Sorry everyone, I have been traveling quite a bit and have not been able to keep up with this thread. I am also internal to IBM (RSS, NRSC in Raleigh NC). Is there anything I can do to be of assistance? I show my current version of gamin as gamin-0.1.5-5.3.
----- Additional Comments From chavez@us.ibm.com(prefers email via lnx1138@us.ibm.com) 2006-04-21 17:13 EDT ------- I downloaded the source rpm for ftp://ftp.suse.com/pub/suse/i386/update/10.0/rpm/src/gamin-0.1.5-5.3.src.rpm and installed it on a SLES 9 box since I don't have an OSS 10.0 installation handy so that I could just produce the proper patch for gamin-0.1.5-5.3 source. I'll be attaching it shortly. Since Brad appears to be an IBMer, I am contacting him internally to help him in getting the testfix rpm built on his OSS 10.0 box to verify the patch.
Created attachment 79544 [details] gam_error_sigaction.patch
----- Additional Comments From chavez@us.ibm.com(prefers email via lnx1138@us.ibm.com) 2006-04-21 17:17 EDT ------- patch to use sigaction() rather than signal() and restore prev handler with flags This patch modifies gamin-0.1.5/libgamin/gam_error.c and gamin-0.1.5/lib/gam_error.c to first query for an existing SIGUSR2 signal handler. If none exists or its the default one then the library can register its own. If after registering its own, it determines one got registered within the window of time between the initial check and the registration, it restores the original handler using sigaction which allows the flags to be restored properly. Looking at open gamin bugs in GNOME bugzilla, I found the following one: http://bugzilla.gnome.org/show_bug.cgi?id=321601 Apperently, they found the same issue at the end of last year with the restoration of a SIGUSR2 signal handler, fixed it in a similar manner and tested it though the bug appears to still be open.
----- Additional Comments From brmurphy@us.ibm.com 2006-06-08 15:24 EDT ------- Sorry, took me a while to get back to working on this. This fixed the issue on my system I believe. I've had Eclipse running with IBM JVM 1.4.2 all day with no problems.
changed: What |Removed |Added ---------------------------------------------------------------------------- Status|FIXEDAWAITINGTEST |TESTED ------- Additional Comments From chavez@us.ibm.com(prefers email via lnx1138@us.ibm.com) 2006-06-08 15:51 EDT ------- Brad indicated the test of the patch was successful so marking bug as TESTED and then moving to SUBMITTED state.
Hi.
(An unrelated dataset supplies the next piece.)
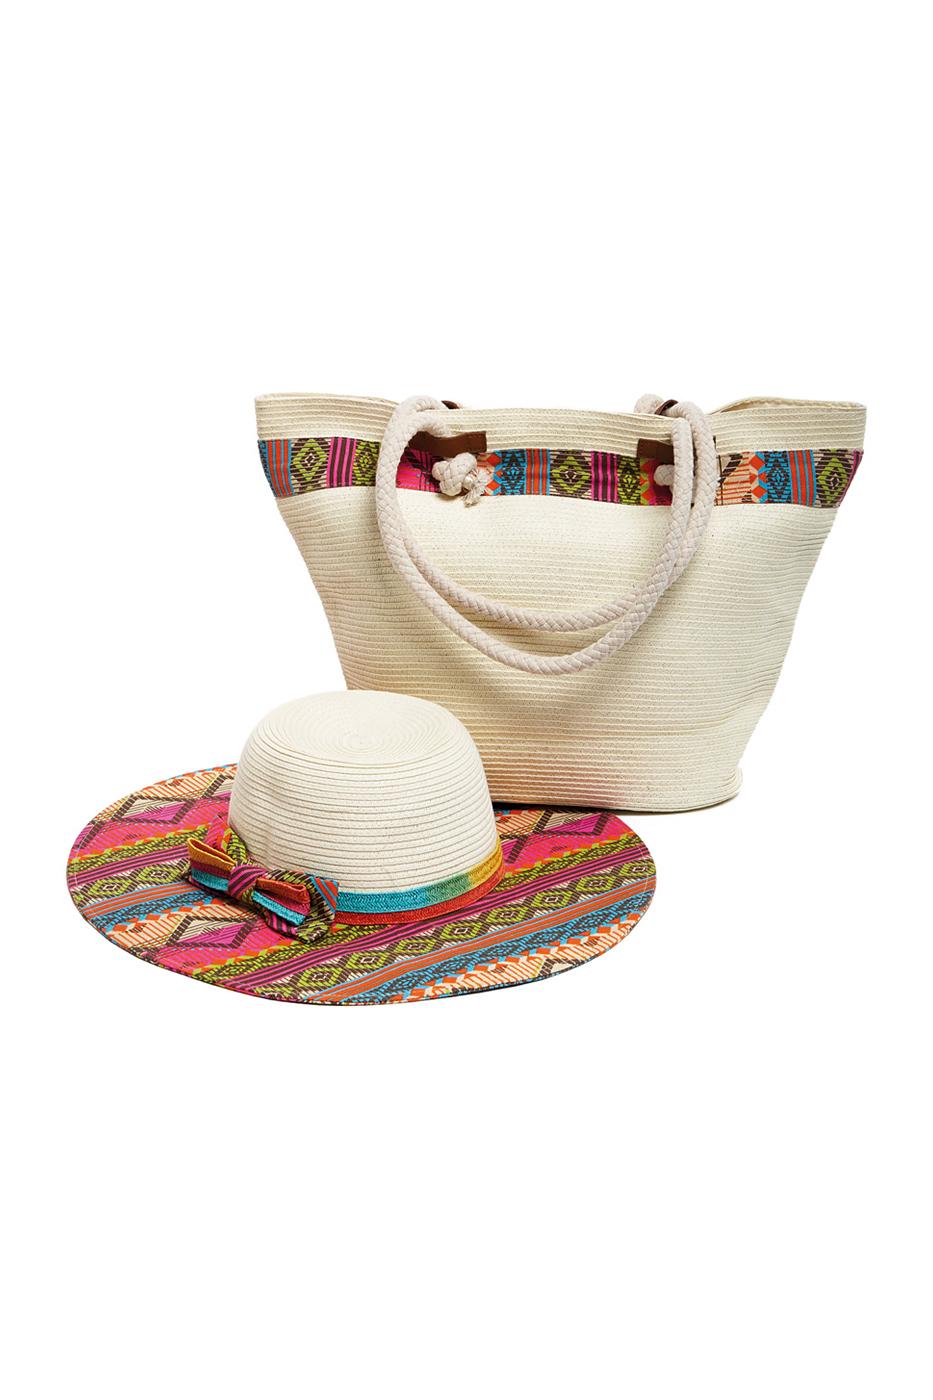 Комплект Moltini: сумка, шляпа, цвет: молочный, мультиколор. 15X00815X008Оригинальный пляжный комплект Moltini, состоящий из сумки и шляпы, выполнен из плотного текстиля. Комплект выполнен в едином стиле и оформлен контрастными оттенками. Сумка состоит из одного вместительного отделения и закрывается на магнитную кнопку. Внутри размещены два накладных кармана для телефона и мелочей и один вшитый карман на молнии. Оригинальная форма ручек и натуральные материалы делают эту сумку особенно удобной для ношения на плече. Шляпа надежно защитит волосы и лицо от ярких солнечных лучей. Шляпа выполнена в едином стиле с сумкой и достойно завершит комплект. Комплект Moltini идеально подойдет для похода на пляж, для загородной поездки.

Is this already in SR4-1 Update? Eclipse works perfectly here, so it seems that this bug can probably be closed. Would like to have a confirmation from IBM that I can close this. Thanks a lot for the investigations, Regards, Daniel
----- Additional Comments From chavez@us.ibm.com(prefers email via lnx1138@us.ibm.com) 2006-07-27 09:13 EDT ------- Daniel, The problem is not with Java or Eclipse but with the gamin package. That is where the fix was done. Looking at the gamin website, I see the changelog mention a similar fix done in April 2006 ( http://www.gnome.org/~veillard/gamin/ChangeLog.html ) : "- lib/gam_error.c: (gam_error_init): avoid changing the signal at all as it would break applications if they setup their signal handlers with sigaction, and used the SA_SIGINFO flag (which would change the number of arguments to the handler)" Though the last release of gamin available 0.1.7 obviously doesn't contain it since it's a release from Oct 2005. Therefore I wouldn't consider it fixed unless either Novell picks up a later release of gamin that contains the patch (which I don't think exists yet) or applies the patch to the existing gamin package they deliver.
Uups, sorry. I mixed it up with another bug and oversaw that this was the gamin thing. Apparently gamin is not included anymore on neither SUSE Linux >= 10.1 nor any SLES. This would actually mean we can close this bug as 'WONTFIX', as we do not provide non-security updates for SL 10.0.
changed: What |Removed |Added ---------------------------------------------------------------------------- Status|SUBMITTED |REOPENED Resolution|FIX_BY_IBM | ------- Additional Comments From chavez@us.ibm.com (prefers email at lnx1138@us.ibm.com) 2006-08-01 15:26 EDT ------- Returning bug as WILL_NOT_FIX per SuSE comments...